=== Material for this exercise ===

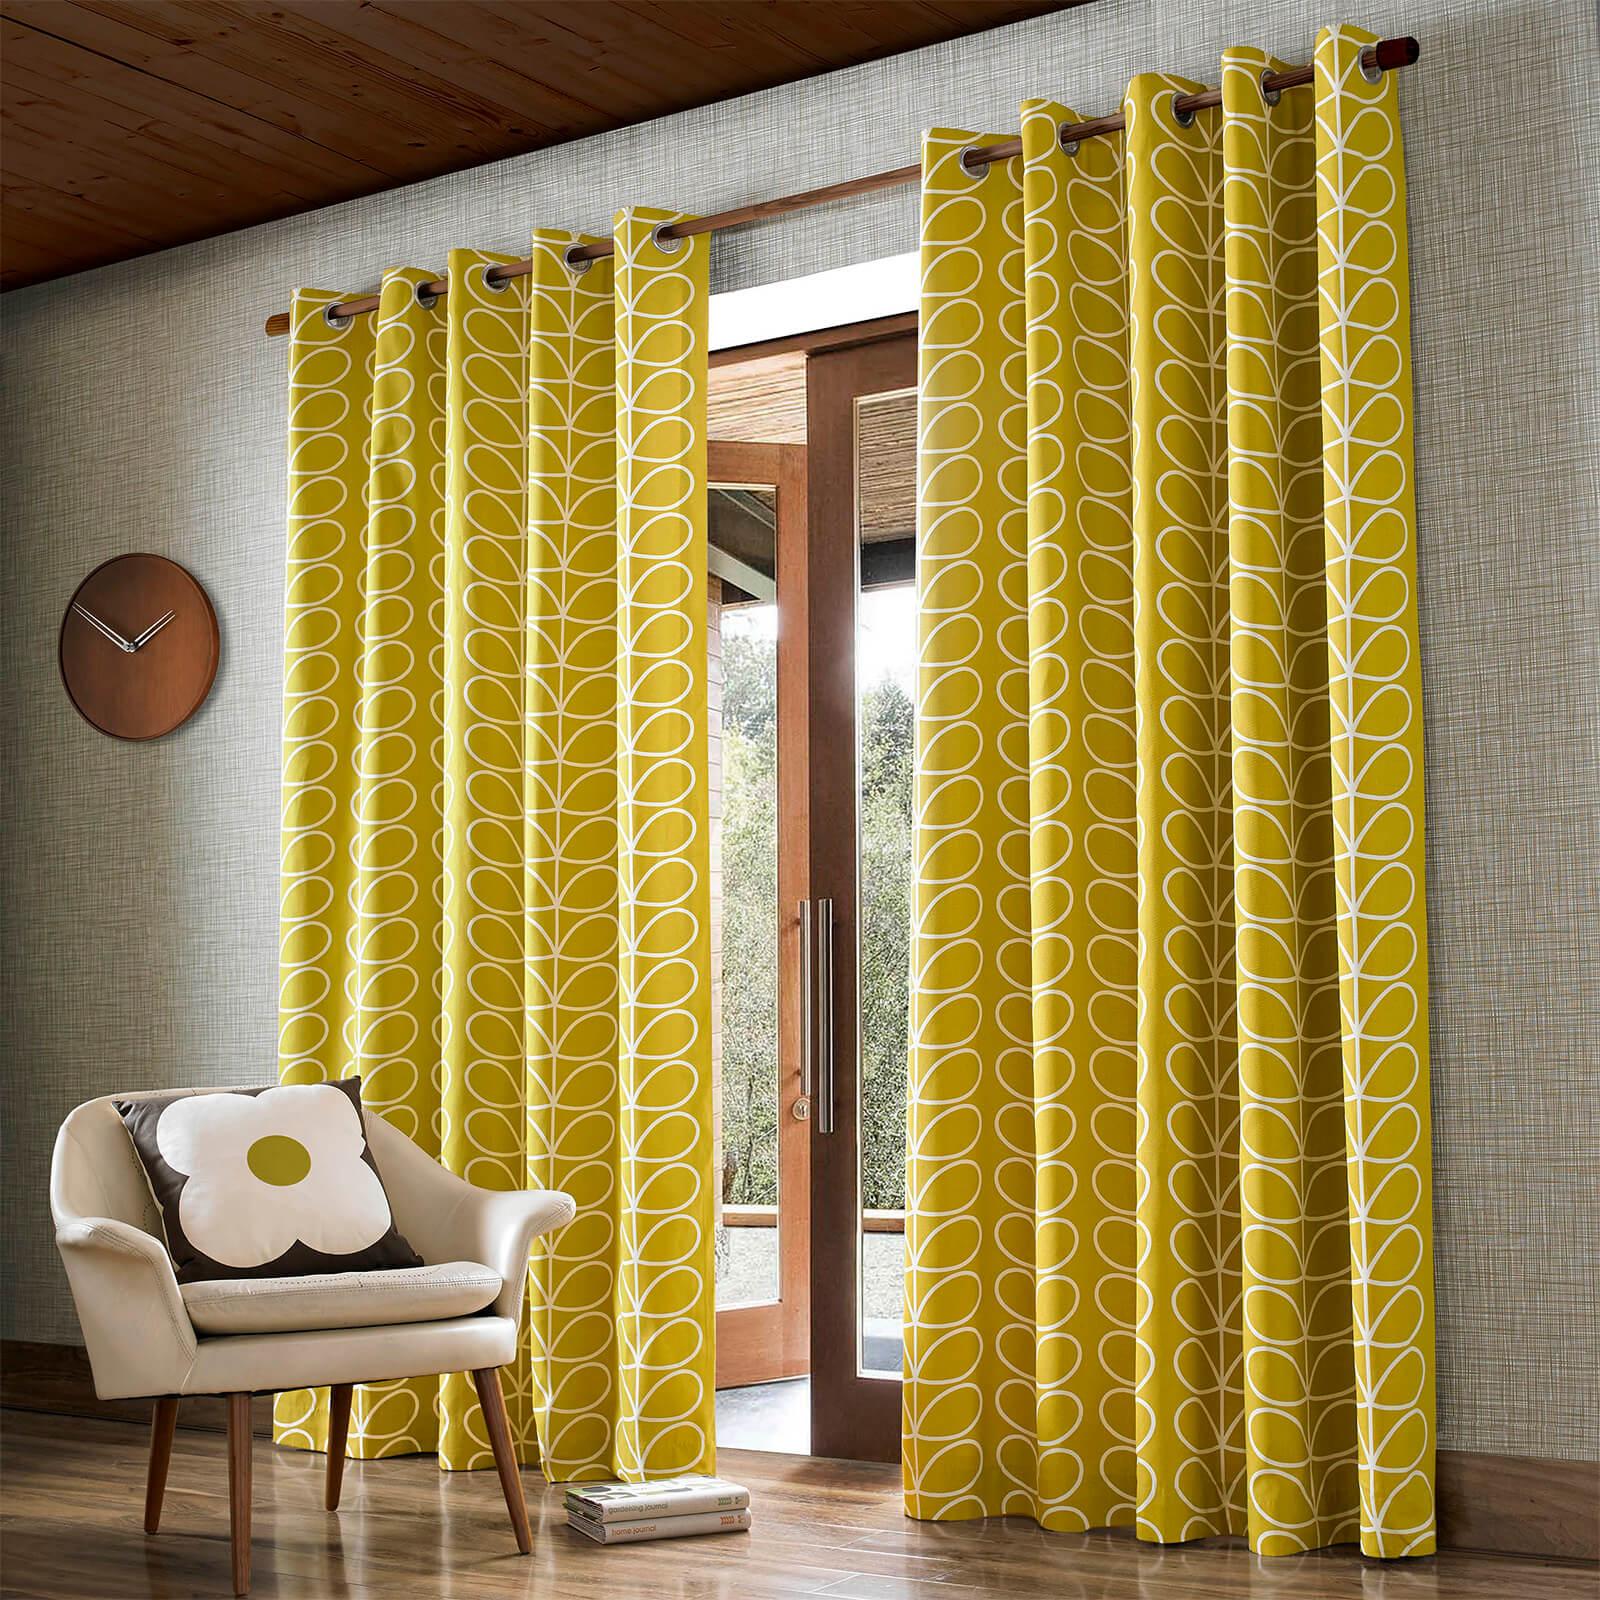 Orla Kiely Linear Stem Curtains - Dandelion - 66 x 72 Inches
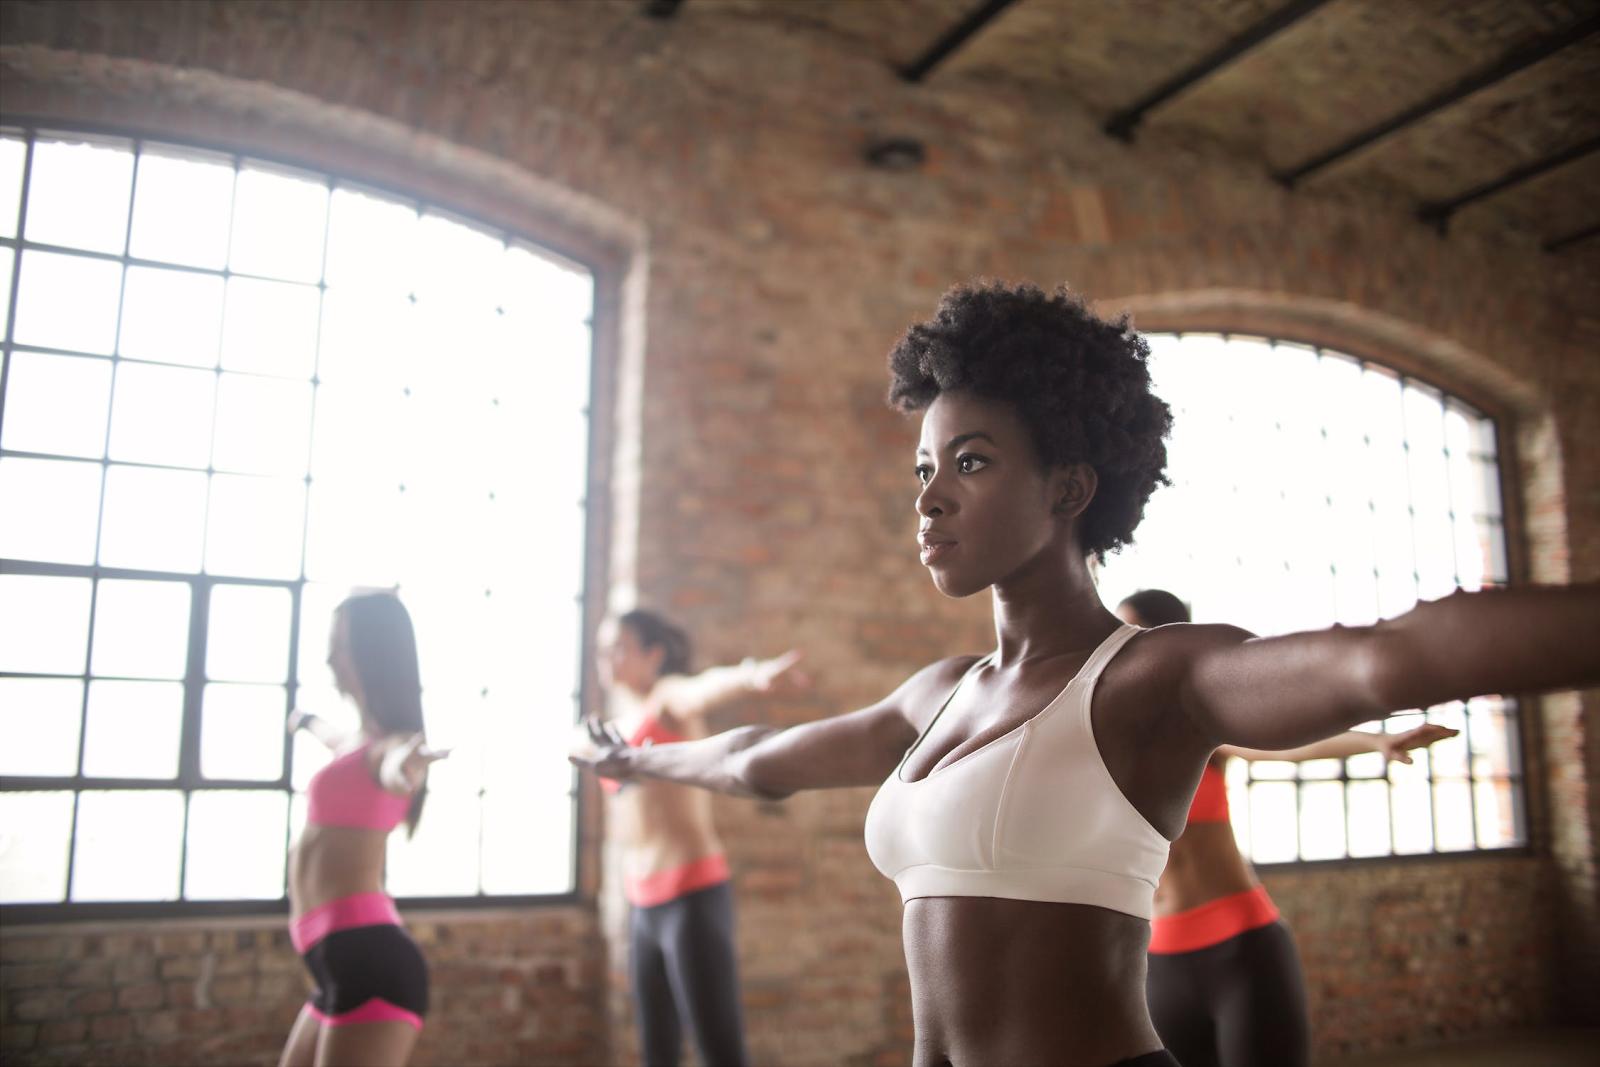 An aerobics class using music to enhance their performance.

===
=== Material for this exercise ===

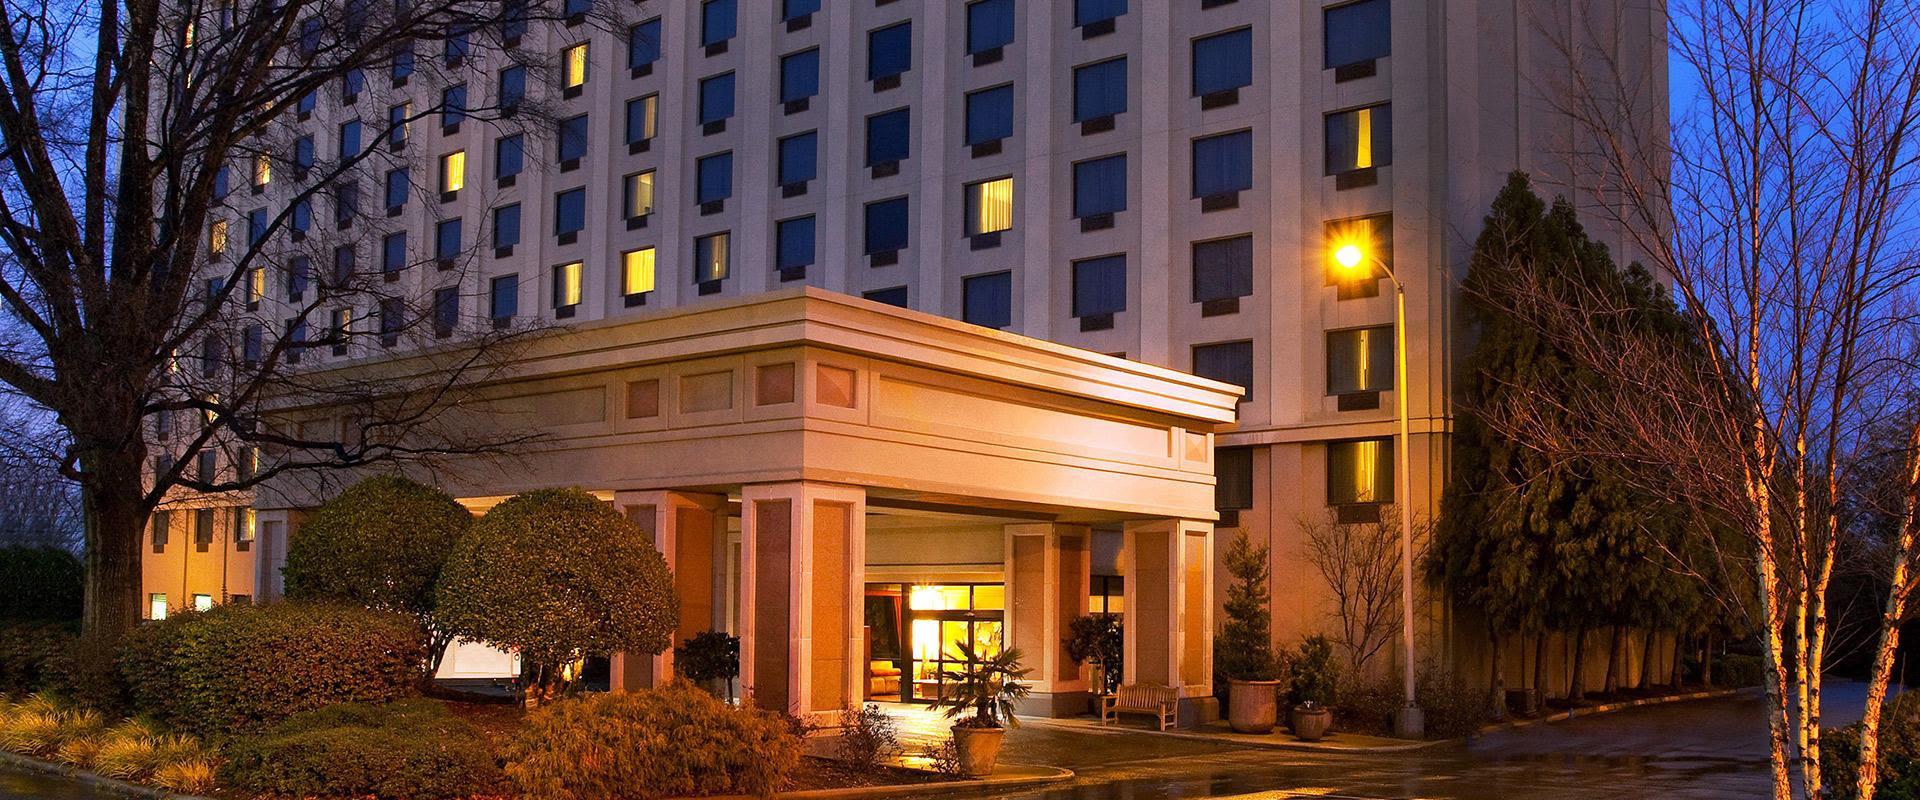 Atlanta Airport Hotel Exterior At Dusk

===
=== Material for this exercise ===

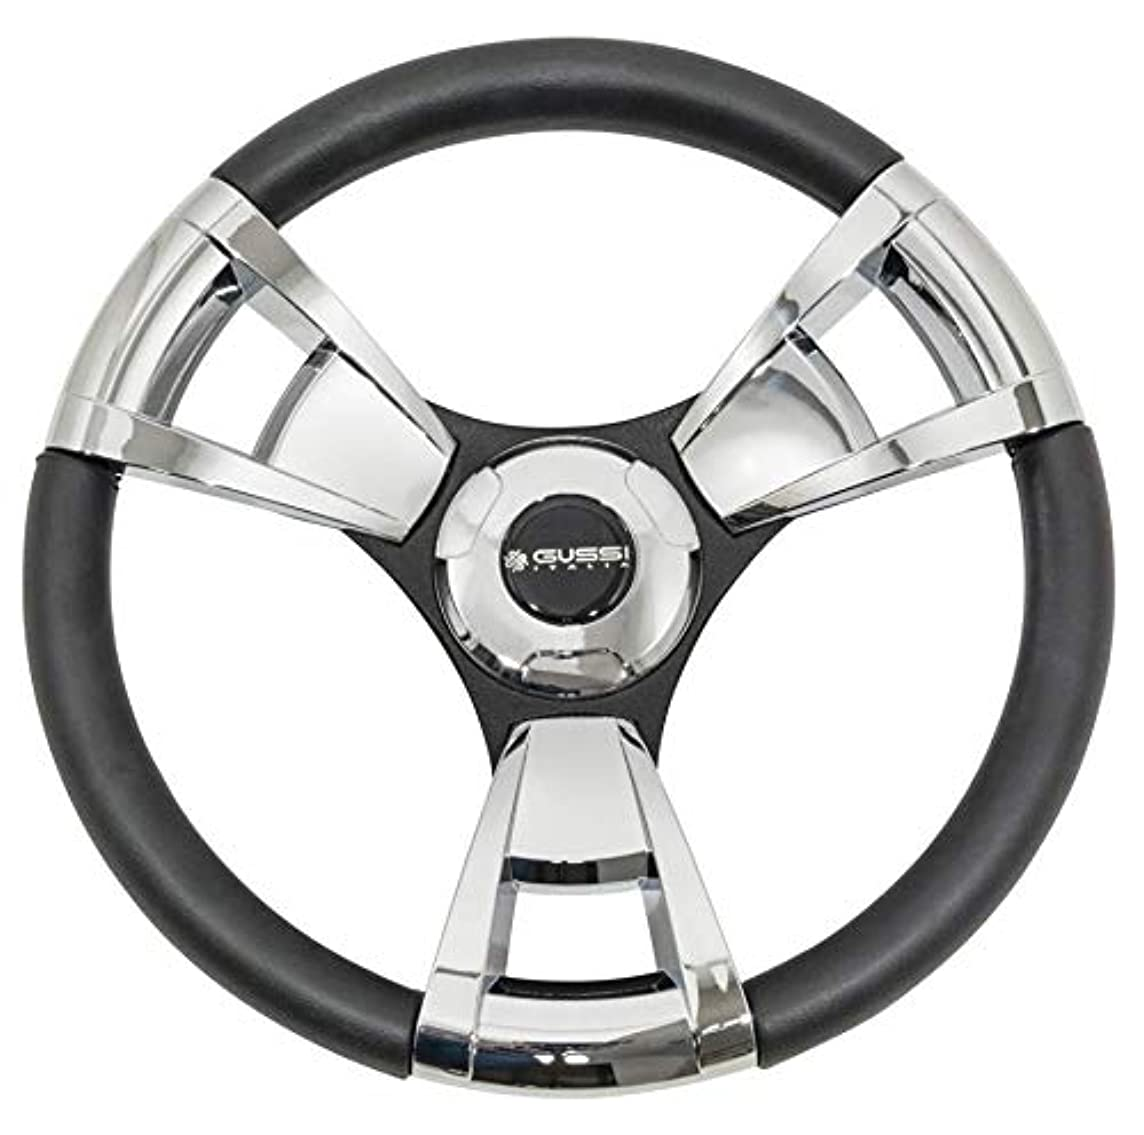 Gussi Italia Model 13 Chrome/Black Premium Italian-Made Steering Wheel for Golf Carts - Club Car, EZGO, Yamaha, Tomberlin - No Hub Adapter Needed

===

Copy nothing but the lines above from the one with "Orla Kiely Linear" to the one with "An aerobics class", inclusive, word for word. Leave every picture out.

 Orla Kiely Linear Stem Curtains - Dandelion - 66 x 72 Inches
 An aerobics class using music to enhance their performance.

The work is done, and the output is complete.